Drawing of what the Mother AME Zion Church in Little Africa looked like.
As featured in Columbia News Service.
On the corner of West 10th Street and Bleecker was a stately church. Packs of people, wearing the finest clothes their meager salaries could afford, came in and out for morning or evening masses, and hourly lyceums where speakers lectured on literature, politics and history. The Mother AME Zion Church was always crowded no matter the time of day, serving as a home for Black people hungry for knowledge and community.
But inside the building, members were searching for something else: freedom to exist without Jim Crow discrimination and brutality, a regular occurrence for most Black people in the 19th century who attended church.
“The church created a university within the center of the community,” said Reverend Malcolm Byrd, the current pastor of Mother AME Zion Church.
But there’s barely any trace of the church or its history in the Greenwich neighborhood now.
Nearly 160 years later, a walk around the area includes trendy boutiques, quirky coffee shops and dog walkers. But that part of Greenwich Village was once referred to as “Little Africa,” where one church became the center of the Black community.
“The church was the center of life for Black people; one space where Black lives didn’t revolve around whiteness,” said Byrd, who is at the help of the church in its current Harlem location.
Founded by a bishop named James Varick, Mother AME Zion was first established when a group of African Americans formally voted to leave the white John Street Methodist Church in 1820, to form their own Black congregation elsewhere, where they weren’t segregated or treated as inferior.
“Without question, this was the only option for African American leadership,” said Byrd, who sees the Little Africa church as the first step towards liberation for Black New Yorkers.
After the Civil War, a wave of formerly enslaved people from the South, migrated to northern states. Little Africa became one of the final destinations for Black people searching for a better life.
Although slavery had been abolished in New York in 1827, African Americans were still subjected to racism. Mother AME Zion was born as a church in the traditional sense, but it represented something larger for the Black community: an anti-slavery institution within a church, explains Byrd.
Besides the AME church, Little Africa was also home to one of the first African Free Schools on Mulberry Street. Over 500 children of formerly enslaved people were given an education, writing essays, and putting on plays tackling the very recent trauma of slavery.
The first Black theatre, the African Theater, also originated in Little Africa. With 25 cents, the community, excluded from white venues, could enjoy plays and ballets, performed by a Black cast led by William Alexander Brown, one of the first Black playwrights of America.
“For the most part it was very integrated,” said Dena Tasse-Winter about Little Africa. Tasse-Winter, the director of research and preservation at the Greenwich Village Society for Historic Preservation, advocates for the protection of historic buildings on protected historic buildings in the neighborhood.

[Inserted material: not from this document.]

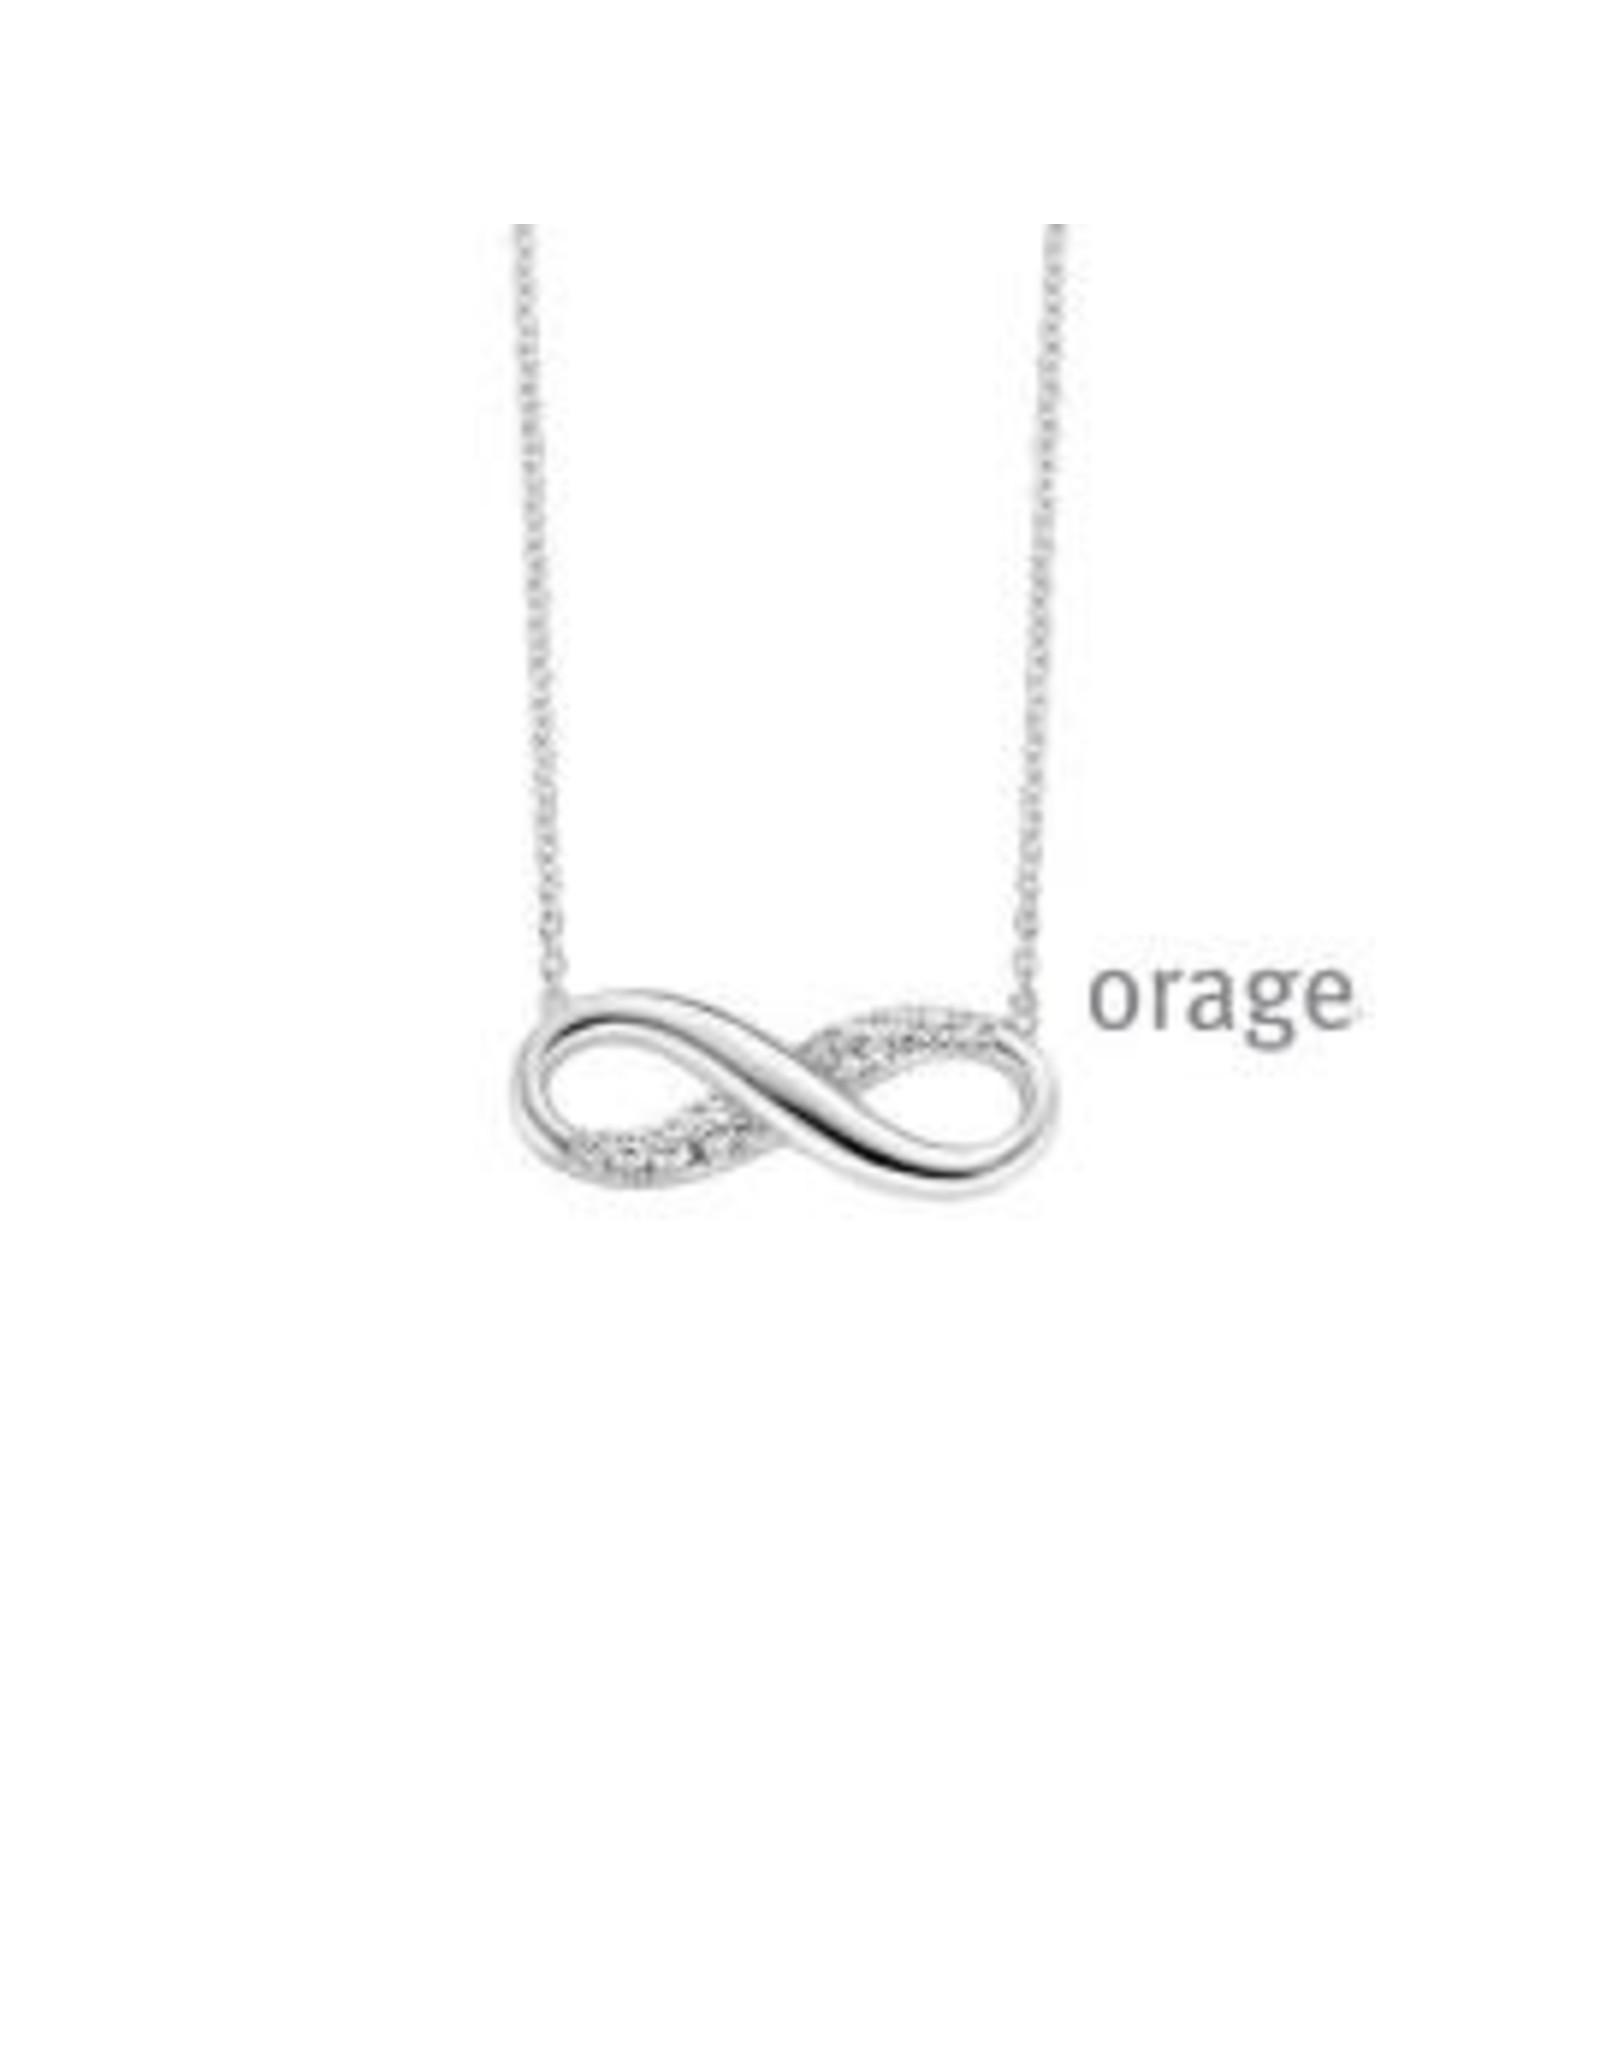 Orage Halsketting Zilver Orage V1413 Infinity

By the 1860s, Little Africa was home to a quarter of the city’s African American population which hovered around 12,500 people, and was the first home for “black and tan” saloons where Black and white people could mix freely in public venues.
But what happened to Little Africa?
After World War I, Italian immigrants established themselves in the area displacing the Black community that slowly moved Uptown. Now, if one wants to know about Little Africa, a trip to Harlem is the only way to find out.
“Serving the community is paramount,” said Arilla Whitehurst, a longtime member of Mother Zion who serves as the curator of the church’s museum.
As Black people migrated to Harlem, the church followed its people. By the 1910s, Black people were 70% of the population Uptown. Mother AME Zion settled on West 37th Street in 1925, where it has remained for the last 98 years.
“The history of Little Africa was definitely lost by not protecting and remembering the neighborhood,” said Tasse-Winter about Greenwich Village. Although nothing is left in the neighborhood downtown, the history of the church has been kept alive for decades through oral history and the church museum that opened in 2019, containing artefacts from the past five locations of the church.
The museum is in a small room in the basement of the Harlem church, where there are old pictures of the former AME bishops, church ushers and choir members, an old bible, manumission papers and James Varrick’s tomb.
Whitehurst pointed out three small boxes containing the ashes from a mortgage burning ceremony in 1985. “We as a black race were never able to own anything,” said Whitehurst. The ceremony was to celebrate the long-awaited ownership over the church building. “We could finally keep our faith and keep a place.”
“The Church is not the building; that’s why we survived,” said Byrd, explaining that thousands of African Methodist Episcopal Churches have been established around the world.
“This is a church that made it against all odds.”